-------- Input data --------
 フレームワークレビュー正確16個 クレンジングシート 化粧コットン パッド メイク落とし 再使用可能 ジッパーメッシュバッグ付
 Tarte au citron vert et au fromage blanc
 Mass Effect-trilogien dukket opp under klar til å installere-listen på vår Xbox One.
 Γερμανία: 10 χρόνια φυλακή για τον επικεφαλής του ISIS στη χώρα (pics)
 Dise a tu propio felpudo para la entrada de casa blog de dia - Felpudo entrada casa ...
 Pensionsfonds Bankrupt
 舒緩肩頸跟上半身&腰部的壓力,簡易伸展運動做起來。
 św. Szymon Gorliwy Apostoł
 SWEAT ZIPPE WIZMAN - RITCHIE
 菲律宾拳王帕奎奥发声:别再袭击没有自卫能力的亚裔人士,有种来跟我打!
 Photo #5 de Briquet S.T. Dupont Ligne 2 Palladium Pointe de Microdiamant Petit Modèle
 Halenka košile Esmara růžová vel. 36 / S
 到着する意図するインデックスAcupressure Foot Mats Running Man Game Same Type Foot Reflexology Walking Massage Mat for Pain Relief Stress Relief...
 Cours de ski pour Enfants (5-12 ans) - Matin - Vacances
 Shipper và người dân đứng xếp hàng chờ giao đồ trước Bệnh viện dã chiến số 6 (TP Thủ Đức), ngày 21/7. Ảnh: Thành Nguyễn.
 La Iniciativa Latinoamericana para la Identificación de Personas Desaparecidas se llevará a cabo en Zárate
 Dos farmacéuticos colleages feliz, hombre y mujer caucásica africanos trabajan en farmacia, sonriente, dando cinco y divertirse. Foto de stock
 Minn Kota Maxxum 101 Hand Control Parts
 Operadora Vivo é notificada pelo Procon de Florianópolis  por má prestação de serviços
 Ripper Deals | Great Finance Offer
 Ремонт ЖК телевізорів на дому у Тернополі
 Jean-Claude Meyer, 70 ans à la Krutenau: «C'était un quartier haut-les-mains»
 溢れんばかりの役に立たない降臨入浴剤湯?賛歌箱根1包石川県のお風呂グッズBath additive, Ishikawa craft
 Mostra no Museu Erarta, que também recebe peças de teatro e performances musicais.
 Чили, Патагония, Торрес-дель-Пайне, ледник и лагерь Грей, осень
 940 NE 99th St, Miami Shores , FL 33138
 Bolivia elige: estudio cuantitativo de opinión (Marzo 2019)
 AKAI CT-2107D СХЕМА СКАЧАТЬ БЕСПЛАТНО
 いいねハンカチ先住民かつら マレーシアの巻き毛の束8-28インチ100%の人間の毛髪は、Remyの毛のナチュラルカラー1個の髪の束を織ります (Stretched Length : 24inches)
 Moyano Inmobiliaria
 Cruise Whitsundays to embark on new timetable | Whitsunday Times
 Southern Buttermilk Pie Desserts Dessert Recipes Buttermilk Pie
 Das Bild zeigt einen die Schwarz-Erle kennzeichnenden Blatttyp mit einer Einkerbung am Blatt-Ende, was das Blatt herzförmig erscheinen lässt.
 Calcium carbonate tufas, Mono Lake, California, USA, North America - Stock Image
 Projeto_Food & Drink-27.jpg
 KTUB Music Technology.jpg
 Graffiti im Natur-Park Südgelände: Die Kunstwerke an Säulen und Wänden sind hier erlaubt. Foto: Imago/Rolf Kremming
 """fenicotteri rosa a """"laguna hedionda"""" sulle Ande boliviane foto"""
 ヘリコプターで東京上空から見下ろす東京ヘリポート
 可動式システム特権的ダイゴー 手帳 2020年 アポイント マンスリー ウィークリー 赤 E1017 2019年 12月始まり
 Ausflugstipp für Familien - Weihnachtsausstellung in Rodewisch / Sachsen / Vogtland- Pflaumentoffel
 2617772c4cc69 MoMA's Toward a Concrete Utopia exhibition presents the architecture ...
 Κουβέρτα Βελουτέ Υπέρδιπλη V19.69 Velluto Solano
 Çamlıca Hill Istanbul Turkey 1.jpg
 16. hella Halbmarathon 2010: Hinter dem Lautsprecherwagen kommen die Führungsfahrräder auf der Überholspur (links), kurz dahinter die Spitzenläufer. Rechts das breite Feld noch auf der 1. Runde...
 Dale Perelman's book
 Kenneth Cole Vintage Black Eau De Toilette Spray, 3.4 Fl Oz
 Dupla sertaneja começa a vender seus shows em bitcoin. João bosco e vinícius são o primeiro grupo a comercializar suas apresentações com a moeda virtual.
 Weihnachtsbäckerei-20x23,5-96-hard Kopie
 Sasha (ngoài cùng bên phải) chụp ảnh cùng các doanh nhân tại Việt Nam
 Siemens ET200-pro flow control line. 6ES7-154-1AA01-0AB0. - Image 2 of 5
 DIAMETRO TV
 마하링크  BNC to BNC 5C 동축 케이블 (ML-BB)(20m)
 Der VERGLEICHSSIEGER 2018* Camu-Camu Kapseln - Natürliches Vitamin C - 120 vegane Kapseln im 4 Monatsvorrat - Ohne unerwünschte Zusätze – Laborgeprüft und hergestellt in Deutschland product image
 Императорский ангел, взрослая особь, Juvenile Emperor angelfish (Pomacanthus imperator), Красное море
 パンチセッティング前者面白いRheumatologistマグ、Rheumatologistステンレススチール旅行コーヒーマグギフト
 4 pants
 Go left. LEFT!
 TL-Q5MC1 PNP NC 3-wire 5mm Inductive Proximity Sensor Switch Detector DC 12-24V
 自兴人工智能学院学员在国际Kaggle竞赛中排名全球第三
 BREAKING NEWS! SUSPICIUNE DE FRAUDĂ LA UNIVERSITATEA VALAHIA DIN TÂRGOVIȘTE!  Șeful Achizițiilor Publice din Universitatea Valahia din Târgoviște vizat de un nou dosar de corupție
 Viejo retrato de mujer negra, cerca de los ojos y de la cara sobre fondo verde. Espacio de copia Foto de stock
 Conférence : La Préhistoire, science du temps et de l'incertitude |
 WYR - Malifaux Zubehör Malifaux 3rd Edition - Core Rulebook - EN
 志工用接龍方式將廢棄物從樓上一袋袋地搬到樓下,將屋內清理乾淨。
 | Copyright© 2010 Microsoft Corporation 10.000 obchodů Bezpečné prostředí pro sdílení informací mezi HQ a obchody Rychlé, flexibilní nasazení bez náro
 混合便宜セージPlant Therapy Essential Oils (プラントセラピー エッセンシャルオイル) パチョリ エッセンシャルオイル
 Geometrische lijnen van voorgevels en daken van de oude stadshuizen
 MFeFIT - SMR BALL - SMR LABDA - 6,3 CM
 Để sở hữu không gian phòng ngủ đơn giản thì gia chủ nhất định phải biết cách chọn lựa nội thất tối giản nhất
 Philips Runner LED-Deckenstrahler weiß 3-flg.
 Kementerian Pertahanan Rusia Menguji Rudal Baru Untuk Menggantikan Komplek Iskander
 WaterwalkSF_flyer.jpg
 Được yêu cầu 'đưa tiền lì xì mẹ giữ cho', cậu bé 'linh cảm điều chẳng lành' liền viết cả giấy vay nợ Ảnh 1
--------
# Directions for this task:
All of the data above needs to be written out exactly.

# Output below:
 フレームワークレビュー正確16個 クレンジングシート 化粧コットン パッド メイク落とし 再使用可能 ジッパーメッシュバッグ付
 Tarte au citron vert et au fromage blanc
 Mass Effect-trilogien dukket opp under klar til å installere-listen på vår Xbox One.
 Γερμανία: 10 χρόνια φυλακή για τον επικεφαλής του ISIS στη χώρα (pics)
 Dise a tu propio felpudo para la entrada de casa blog de dia - Felpudo entrada casa ...
 Pensionsfonds Bankrupt
 舒緩肩頸跟上半身&腰部的壓力,簡易伸展運動做起來。
 św. Szymon Gorliwy Apostoł
 SWEAT ZIPPE WIZMAN - RITCHIE
 菲律宾拳王帕奎奥发声:别再袭击没有自卫能力的亚裔人士,有种来跟我打!
 Photo #5 de Briquet S.T. Dupont Ligne 2 Palladium Pointe de Microdiamant Petit Modèle
 Halenka košile Esmara růžová vel. 36 / S
 到着する意図するインデックスAcupressure Foot Mats Running Man Game Same Type Foot Reflexology Walking Massage Mat for Pain Relief Stress Relief...
 Cours de ski pour Enfants (5-12 ans) - Matin - Vacances
 Shipper và người dân đứng xếp hàng chờ giao đồ trước Bệnh viện dã chiến số 6 (TP Thủ Đức), ngày 21/7. Ảnh: Thành Nguyễn.
 La Iniciativa Latinoamericana para la Identificación de Personas Desaparecidas se llevará a cabo en Zárate
 Dos farmacéuticos colleages feliz, hombre y mujer caucásica africanos trabajan en farmacia, sonriente, dando cinco y divertirse. Foto de stock
 Minn Kota Maxxum 101 Hand Control Parts
 Operadora Vivo é notificada pelo Procon de Florianópolis  por má prestação de serviços
 Ripper Deals | Great Finance Offer
 Ремонт ЖК телевізорів на дому у Тернополі
 Jean-Claude Meyer, 70 ans à la Krutenau: «C'était un quartier haut-les-mains»
 溢れんばかりの役に立たない降臨入浴剤湯?賛歌箱根1包石川県のお風呂グッズBath additive, Ishikawa craft
 Mostra no Museu Erarta, que também recebe peças de teatro e performances musicais.
 Чили, Патагония, Торрес-дель-Пайне, ледник и лагерь Грей, осень
 940 NE 99th St, Miami Shores , FL 33138
 Bolivia elige: estudio cuantitativo de opinión (Marzo 2019)
 AKAI CT-2107D СХЕМА СКАЧАТЬ БЕСПЛАТНО
 いいねハンカチ先住民かつら マレーシアの巻き毛の束8-28インチ100%の人間の毛髪は、Remyの毛のナチュラルカラー1個の髪の束を織ります (Stretched Length : 24inches)
 Moyano Inmobiliaria
 Cruise Whitsundays to embark on new timetable | Whitsunday Times
 Southern Buttermilk Pie Desserts Dessert Recipes Buttermilk Pie
 Das Bild zeigt einen die Schwarz-Erle kennzeichnenden Blatttyp mit einer Einkerbung am Blatt-Ende, was das Blatt herzförmig erscheinen lässt.
 Calcium carbonate tufas, Mono Lake, California, USA, North America - Stock Image
 Projeto_Food & Drink-27.jpg
 KTUB Music Technology.jpg
 Graffiti im Natur-Park Südgelände: Die Kunstwerke an Säulen und Wänden sind hier erlaubt. Foto: Imago/Rolf Kremming
 """fenicotteri rosa a """"laguna hedionda"""" sulle Ande boliviane foto"""
 ヘリコプターで東京上空から見下ろす東京ヘリポート
 可動式システム特権的ダイゴー 手帳 2020年 アポイント マンスリー ウィークリー 赤 E1017 2019年 12月始まり
 Ausflugstipp für Familien - Weihnachtsausstellung in Rodewisch / Sachsen / Vogtland- Pflaumentoffel
 2617772c4cc69 MoMA's Toward a Concrete Utopia exhibition presents the architecture ...
 Κουβέρτα Βελουτέ Υπέρδιπλη V19.69 Velluto Solano
 Çamlıca Hill Istanbul Turkey 1.jpg
 16. hella Halbmarathon 2010: Hinter dem Lautsprecherwagen kommen die Führungsfahrräder auf der Überholspur (links), kurz dahinter die Spitzenläufer. Rechts das breite Feld noch auf der 1. Runde...
 Dale Perelman's book
 Kenneth Cole Vintage Black Eau De Toilette Spray, 3.4 Fl Oz
 Dupla sertaneja começa a vender seus shows em bitcoin. João bosco e vinícius são o primeiro grupo a comercializar suas apresentações com a moeda virtual.
 Weihnachtsbäckerei-20x23,5-96-hard Kopie
 Sasha (ngoài cùng bên phải) chụp ảnh cùng các doanh nhân tại Việt Nam
 Siemens ET200-pro flow control line. 6ES7-154-1AA01-0AB0. - Image 2 of 5
 DIAMETRO TV
 마하링크  BNC to BNC 5C 동축 케이블 (ML-BB)(20m)
 Der VERGLEICHSSIEGER 2018* Camu-Camu Kapseln - Natürliches Vitamin C - 120 vegane Kapseln im 4 Monatsvorrat - Ohne unerwünschte Zusätze – Laborgeprüft und hergestellt in Deutschland product image
 Императорский ангел, взрослая особь, Juvenile Emperor angelfish (Pomacanthus imperator), Красное море
 パンチセッティング前者面白いRheumatologistマグ、Rheumatologistステンレススチール旅行コーヒーマグギフト
 4 pants
 Go left. LEFT!
 TL-Q5MC1 PNP NC 3-wire 5mm Inductive Proximity Sensor Switch Detector DC 12-24V
 自兴人工智能学院学员在国际Kaggle竞赛中排名全球第三
 BREAKING NEWS! SUSPICIUNE DE FRAUDĂ LA UNIVERSITATEA VALAHIA DIN TÂRGOVIȘTE!  Șeful Achizițiilor Publice din Universitatea Valahia din Târgoviște vizat de un nou dosar de corupție
 Viejo retrato de mujer negra, cerca de los ojos y de la cara sobre fondo verde. Espacio de copia Foto de stock
 Conférence : La Préhistoire, science du temps et de l'incertitude |
 WYR - Malifaux Zubehör Malifaux 3rd Edition - Core Rulebook - EN
 志工用接龍方式將廢棄物從樓上一袋袋地搬到樓下,將屋內清理乾淨。
 | Copyright© 2010 Microsoft Corporation 10.000 obchodů Bezpečné prostředí pro sdílení informací mezi HQ a obchody Rychlé, flexibilní nasazení bez náro
 混合便宜セージPlant Therapy Essential Oils (プラントセラピー エッセンシャルオイル) パチョリ エッセンシャルオイル
 Geometrische lijnen van voorgevels en daken van de oude stadshuizen
 MFeFIT - SMR BALL - SMR LABDA - 6,3 CM
 Để sở hữu không gian phòng ngủ đơn giản thì gia chủ nhất định phải biết cách chọn lựa nội thất tối giản nhất
 Philips Runner LED-Deckenstrahler weiß 3-flg.
 Kementerian Pertahanan Rusia Menguji Rudal Baru Untuk Menggantikan Komplek Iskander
 WaterwalkSF_flyer.jpg
 Được yêu cầu 'đưa tiền lì xì mẹ giữ cho', cậu bé 'linh cảm điều chẳng lành' liền viết cả giấy vay nợ Ảnh 1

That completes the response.